--- START ---

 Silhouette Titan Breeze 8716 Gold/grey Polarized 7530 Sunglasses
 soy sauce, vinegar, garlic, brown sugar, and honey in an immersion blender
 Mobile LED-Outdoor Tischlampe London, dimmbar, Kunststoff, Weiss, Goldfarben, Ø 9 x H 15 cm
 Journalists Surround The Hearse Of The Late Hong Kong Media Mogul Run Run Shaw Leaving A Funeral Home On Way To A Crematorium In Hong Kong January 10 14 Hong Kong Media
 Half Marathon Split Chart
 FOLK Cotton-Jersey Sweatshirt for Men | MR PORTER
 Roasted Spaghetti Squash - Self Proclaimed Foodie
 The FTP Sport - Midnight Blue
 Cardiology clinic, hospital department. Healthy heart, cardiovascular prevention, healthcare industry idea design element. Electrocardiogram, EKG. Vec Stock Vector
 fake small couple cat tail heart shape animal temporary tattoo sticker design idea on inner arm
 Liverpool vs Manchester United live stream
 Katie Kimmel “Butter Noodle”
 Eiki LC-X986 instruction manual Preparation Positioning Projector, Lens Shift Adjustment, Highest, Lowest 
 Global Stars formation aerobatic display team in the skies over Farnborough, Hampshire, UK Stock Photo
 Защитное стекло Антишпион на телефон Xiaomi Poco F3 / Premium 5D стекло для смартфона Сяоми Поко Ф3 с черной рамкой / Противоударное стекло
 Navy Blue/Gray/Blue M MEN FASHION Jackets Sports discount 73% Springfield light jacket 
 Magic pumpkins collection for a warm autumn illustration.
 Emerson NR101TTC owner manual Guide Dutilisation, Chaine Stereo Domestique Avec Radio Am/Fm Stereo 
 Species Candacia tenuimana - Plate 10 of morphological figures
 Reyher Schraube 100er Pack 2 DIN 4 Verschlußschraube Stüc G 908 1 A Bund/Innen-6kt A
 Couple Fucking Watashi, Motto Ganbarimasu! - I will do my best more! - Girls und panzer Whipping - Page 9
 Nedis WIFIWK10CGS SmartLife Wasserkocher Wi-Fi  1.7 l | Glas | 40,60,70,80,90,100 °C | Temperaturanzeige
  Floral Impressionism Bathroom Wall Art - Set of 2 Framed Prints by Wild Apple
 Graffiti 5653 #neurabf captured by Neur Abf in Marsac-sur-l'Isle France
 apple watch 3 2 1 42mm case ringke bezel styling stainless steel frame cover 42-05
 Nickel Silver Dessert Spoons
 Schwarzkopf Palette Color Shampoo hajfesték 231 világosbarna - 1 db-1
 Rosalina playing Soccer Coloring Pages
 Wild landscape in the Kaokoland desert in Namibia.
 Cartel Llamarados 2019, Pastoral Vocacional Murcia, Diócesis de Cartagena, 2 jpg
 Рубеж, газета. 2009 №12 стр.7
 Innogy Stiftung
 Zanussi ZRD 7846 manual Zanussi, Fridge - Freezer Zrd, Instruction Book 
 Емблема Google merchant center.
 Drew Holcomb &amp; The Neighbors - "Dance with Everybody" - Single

--- END ---

Please transcribe all of the data above exactly.

Answer for this exercise →
 Silhouette Titan Breeze 8716 Gold/grey Polarized 7530 Sunglasses
 soy sauce, vinegar, garlic, brown sugar, and honey in an immersion blender
 Mobile LED-Outdoor Tischlampe London, dimmbar, Kunststoff, Weiss, Goldfarben, Ø 9 x H 15 cm
 Journalists Surround The Hearse Of The Late Hong Kong Media Mogul Run Run Shaw Leaving A Funeral Home On Way To A Crematorium In Hong Kong January 10 14 Hong Kong Media
 Half Marathon Split Chart
 FOLK Cotton-Jersey Sweatshirt for Men | MR PORTER
 Roasted Spaghetti Squash - Self Proclaimed Foodie
 The FTP Sport - Midnight Blue
 Cardiology clinic, hospital department. Healthy heart, cardiovascular prevention, healthcare industry idea design element. Electrocardiogram, EKG. Vec Stock Vector
 fake small couple cat tail heart shape animal temporary tattoo sticker design idea on inner arm
 Liverpool vs Manchester United live stream
 Katie Kimmel “Butter Noodle”
 Eiki LC-X986 instruction manual Preparation Positioning Projector, Lens Shift Adjustment, Highest, Lowest 
 Global Stars formation aerobatic display team in the skies over Farnborough, Hampshire, UK Stock Photo
 Защитное стекло Антишпион на телефон Xiaomi Poco F3 / Premium 5D стекло для смартфона Сяоми Поко Ф3 с черной рамкой / Противоударное стекло
 Navy Blue/Gray/Blue M MEN FASHION Jackets Sports discount 73% Springfield light jacket 
 Magic pumpkins collection for a warm autumn illustration.
 Emerson NR101TTC owner manual Guide Dutilisation, Chaine Stereo Domestique Avec Radio Am/Fm Stereo 
 Species Candacia tenuimana - Plate 10 of morphological figures
 Reyher Schraube 100er Pack 2 DIN 4 Verschlußschraube Stüc G 908 1 A Bund/Innen-6kt A
 Couple Fucking Watashi, Motto Ganbarimasu! - I will do my best more! - Girls und panzer Whipping - Page 9
 Nedis WIFIWK10CGS SmartLife Wasserkocher Wi-Fi  1.7 l | Glas | 40,60,70,80,90,100 °C | Temperaturanzeige
  Floral Impressionism Bathroom Wall Art - Set of 2 Framed Prints by Wild Apple
 Graffiti 5653 #neurabf captured by Neur Abf in Marsac-sur-l'Isle France
 apple watch 3 2 1 42mm case ringke bezel styling stainless steel frame cover 42-05
 Nickel Silver Dessert Spoons
 Schwarzkopf Palette Color Shampoo hajfesték 231 világosbarna - 1 db-1
 Rosalina playing Soccer Coloring Pages
 Wild landscape in the Kaokoland desert in Namibia.
 Cartel Llamarados 2019, Pastoral Vocacional Murcia, Diócesis de Cartagena, 2 jpg
 Рубеж, газета. 2009 №12 стр.7
 Innogy Stiftung
 Zanussi ZRD 7846 manual Zanussi, Fridge - Freezer Zrd, Instruction Book 
 Емблема Google merchant center.
 Drew Holcomb &amp; The Neighbors - "Dance with Everybody" - Single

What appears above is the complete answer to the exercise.